Posibles daños en riñones, hígado y corazón
La lista de las consecuencias a largo plazo del COVID-19 puede ser larga. Unos 300 estudios aseguran que, entre las consecuencias más graves, están la afasia (un trastorno del centro que regula el lenguaje), así como el ictus y las convulsiones. En la página oficial del Robert Koch Institut, la institución alemana que se ocupa del control y prevención de enfermedades, puede leerse que el SARS-CoV-2 «puede manifestarse de muchas maneras posibles y no solo en los pulmones, sino también en otros órganos» y provocar daños en riñones, hígado y corazón. Maria Alzenir, por su parte, asegura, que le falla la memoria a corto plazo y que padece insomnio, dolencias que antes del COVID-19 no sufría. Ella y su familia viven en el barrio de Sapopemba, especialmente afectado por la pandemia y con elevadas cifras de muertos por el virus. El esposo de Maria Alzenir le recomendó que no fuera a trabajar, ya que disponían de la pensión de él, que asciende a un salario mínimo. «Pero no quise», relata Alzenir, «y tomé todos los días un autobús abarrotado. Si pudiera dar marcha atrás en el tiempo, habría hecho las cosas de otra manera», se lamenta la mujer. Las cifras han bajado algo recientemente, pero la situación todavía no es distendida. Según la plataforma «Dados Transparentes», solo en los últimos 7 días se registraron casi 32.000 nuevos contagios y 1070 muertos.

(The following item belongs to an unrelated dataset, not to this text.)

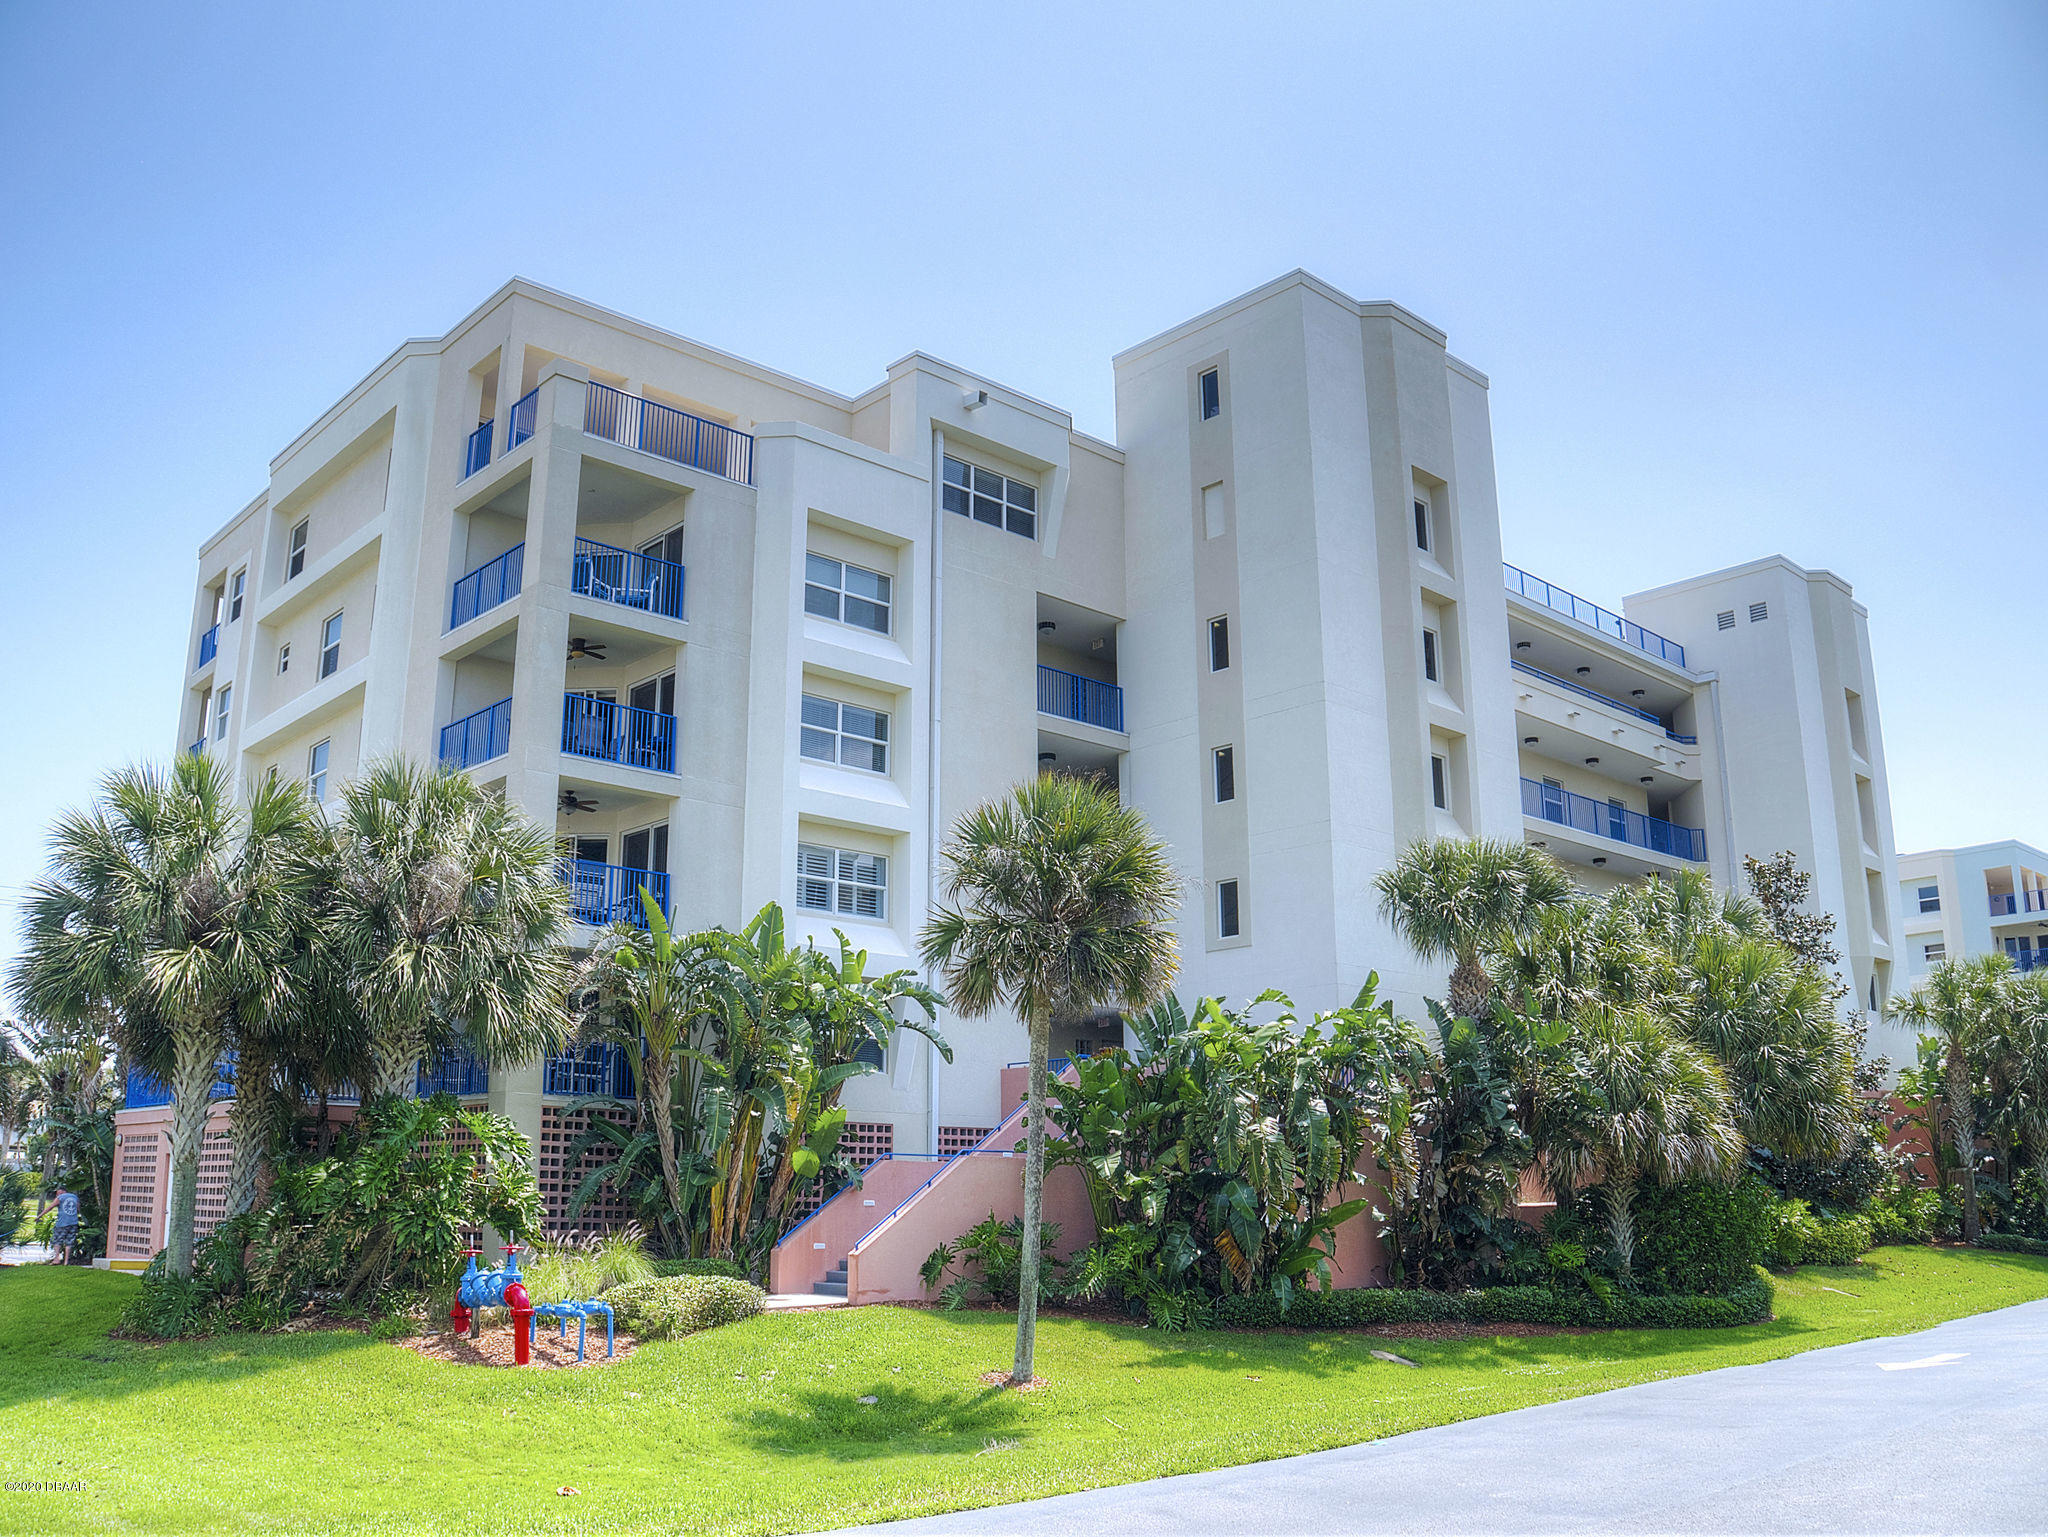 Photo of 5300 S Atlantic Avenue #12206, New Smyrna Beach, FL 32169

Tras introducir medidas de distanciamiento social, en otros países la curva de contagios se aplanó, pero en Brasil se mantiene en un nivel alto.
A pesar de ello, sigue habiendo imágenes de playas abarrotadas, bares y gente congregada en las calles. La nuera de Maria Alzenir, Tamires, está atemorizada por el despreocupado comportamiento de la gente de su entorno: «Aquí en nuestra calle hay muchos casos y aun así hay gente que sigue saliendo a la calle a celebrar». Maria Alzenir dice que comprende un poco a esas personas y que a ella misma le gustaría salir a disfrutar un poco de la vida: «Qué bonito sería poder beber una cerveza fría», bromea.